Jill Bolte Taylor. Photo by Martin Boling

by SUSAN M. BRACKNEY

Bloomington’s Jill Bolte Taylor is a veritable brain whisperer. The Harvard-trained neuroanatomist survived a stroke, painstakingly recovered her brain function, and shared the experience via her 2008 New York Times bestseller, My Stroke of Insight. A popular TED Talk soon followed.

“I end that talk by saying, ‘We have the power to choose, moment by moment, who and how we want to be in the world. And we have more power over what’s going on inside of our brains than anybody has ever given us credit for,’” Taylor recalls.

More than 300,000 viewers subsequently emailed Taylor. “They asked, ‘What does that mean and how do I do that?’” she says. In response, Taylor wrote the forthcoming Whole Brain Living: The Anatomy of Choice and the Four Characters That Drive Our Life (Hay House Inc.), which will be released this May.

“It’s kind of a roadmap to what’s going on inside of your head,” Taylor explains.

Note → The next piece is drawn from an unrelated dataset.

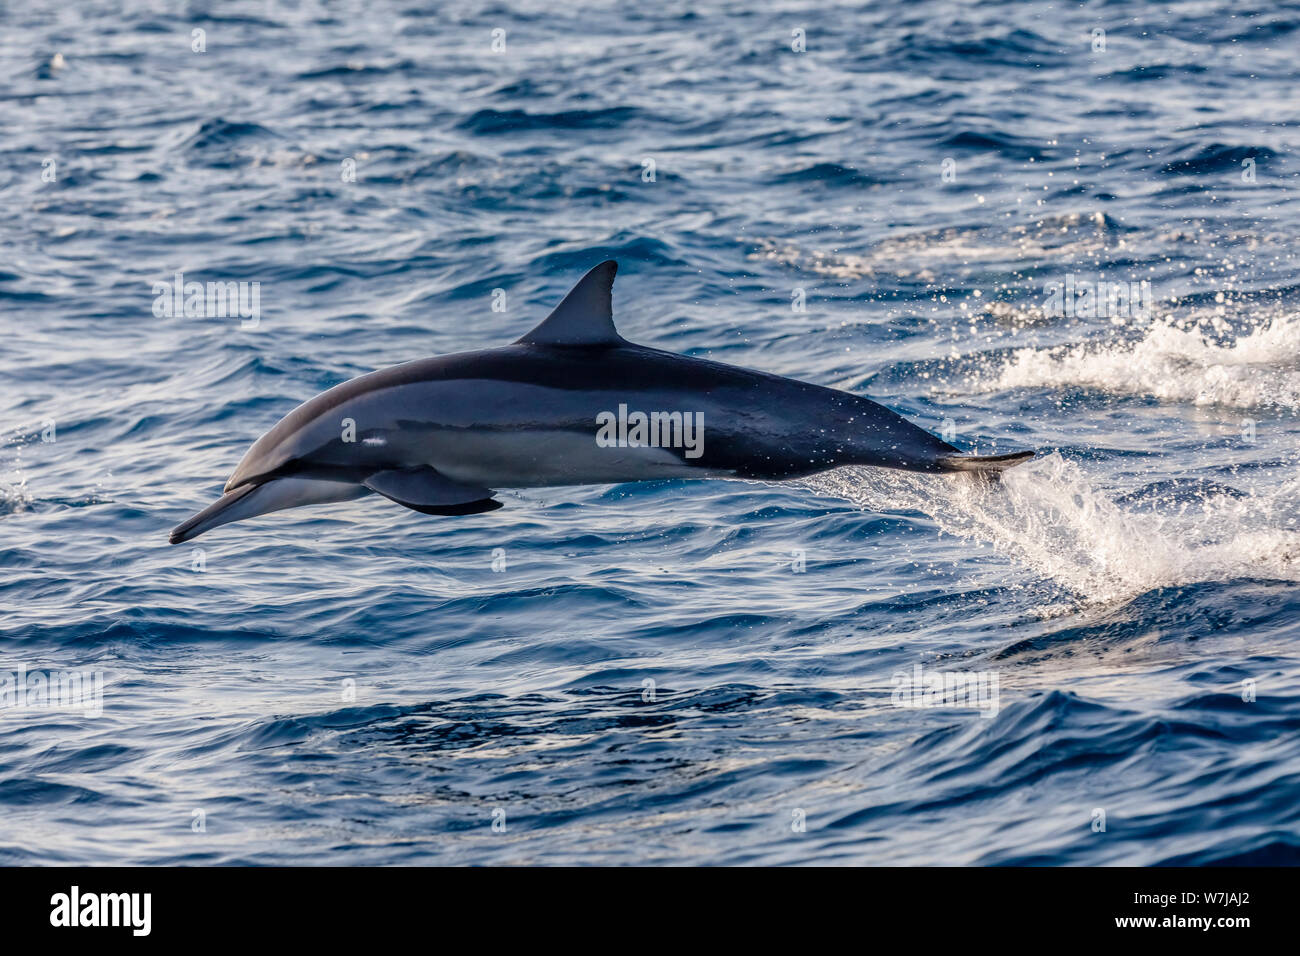 A spinner dolphin (Stenella longirostris) leaps out of the waves at high speed, seen while whale watching at Weligama on the south coast of Sri Lanka Stock Photo

Many people know that the brain’s left hemisphere is language- and logic-dominant while the right is dominant regarding creativity, emotion, and intuition. In fact, the brain’s left and right hemispheres each have sets of these modules which Taylor dubs Character 1, Left Thinking; Character 2, Left Emotion; Character 3, Right Emotion; and Character 4, Right Thinking. Post-stroke, she developed a more intimate understanding of her own four characters. “I shifted completely into the right brain [modules] and slowly had to rebuild,” she says. “I lost the emotional character of my left brain—that character had all of my emotional past. I also lost my thinking, rational brain and the character that goes with that.”

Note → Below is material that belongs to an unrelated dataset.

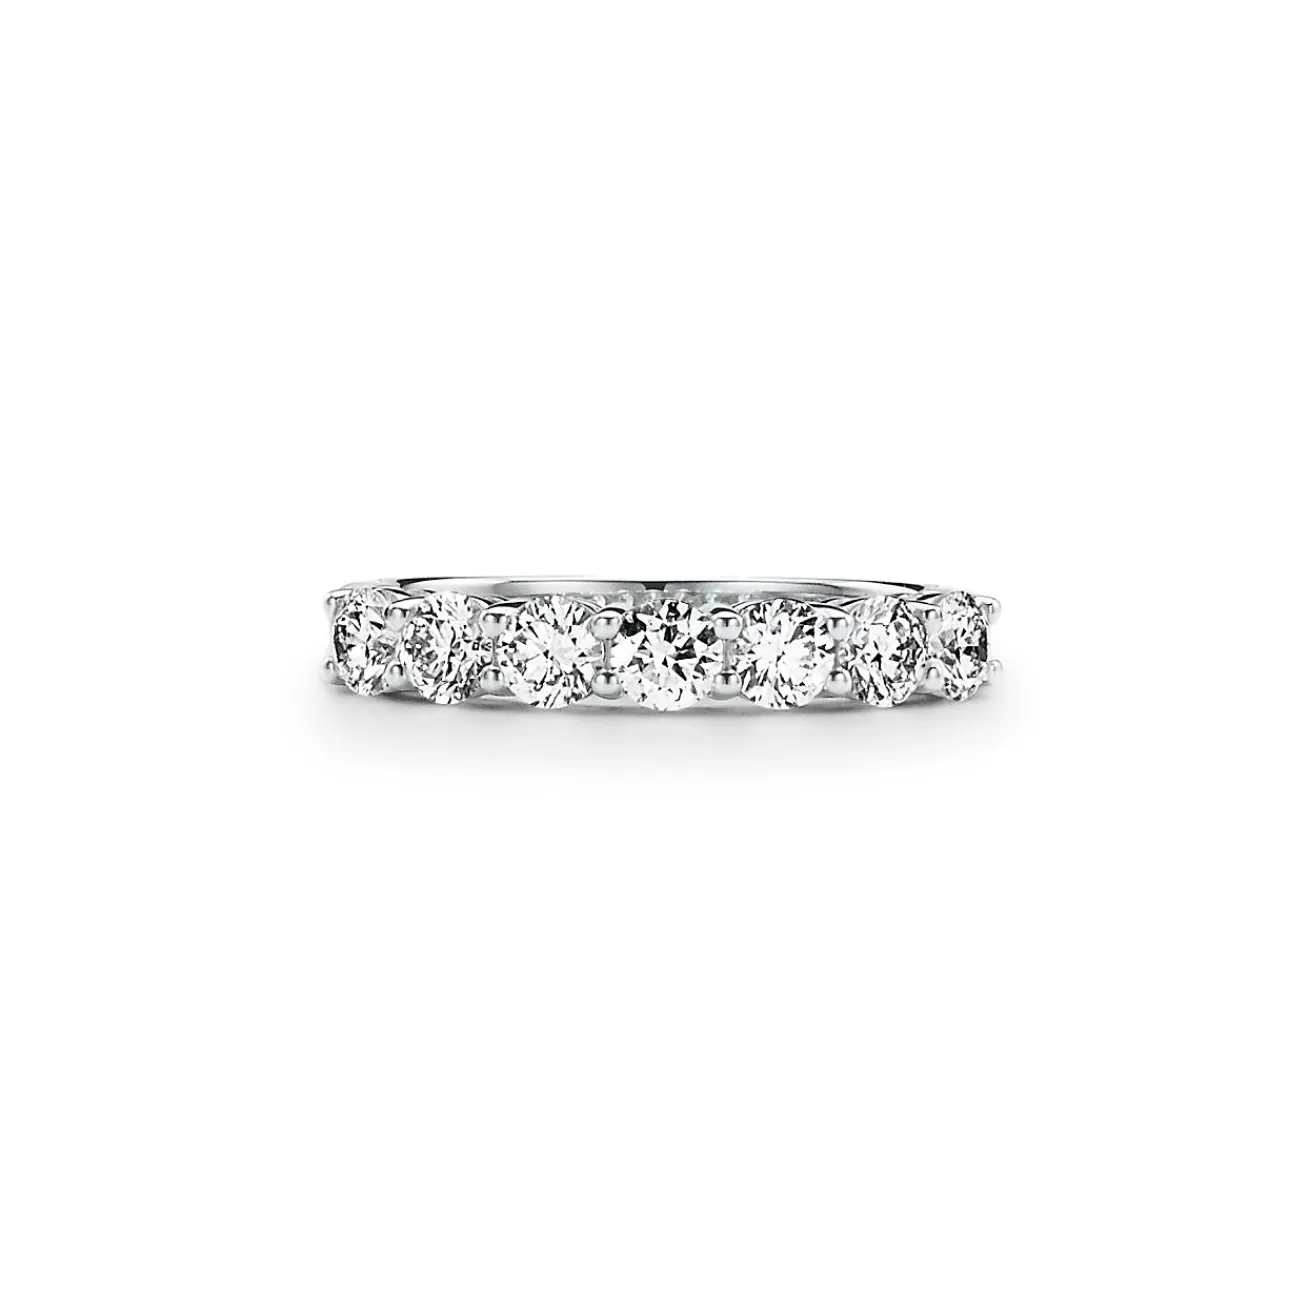 Tiffany & Co. Tiffany Forever Band Ring in Platinum with a Half-circle of Diamonds, 3.5 mm | ^Women Rings | Stacking Rings

“We all have these characters,” she says. “They all come out to our own unique recipe of who are we.” In other words? Some people may rely more on, say, left thinking or left emotion. Others might more frequently settle into right-side characters. But striking a healthy balance between all four—and leveraging their strengths when appropriate—is ideal. “You can understand not just your own four characters, but now imagine recognizing those different characters in others,” she says. “That’s powerful!”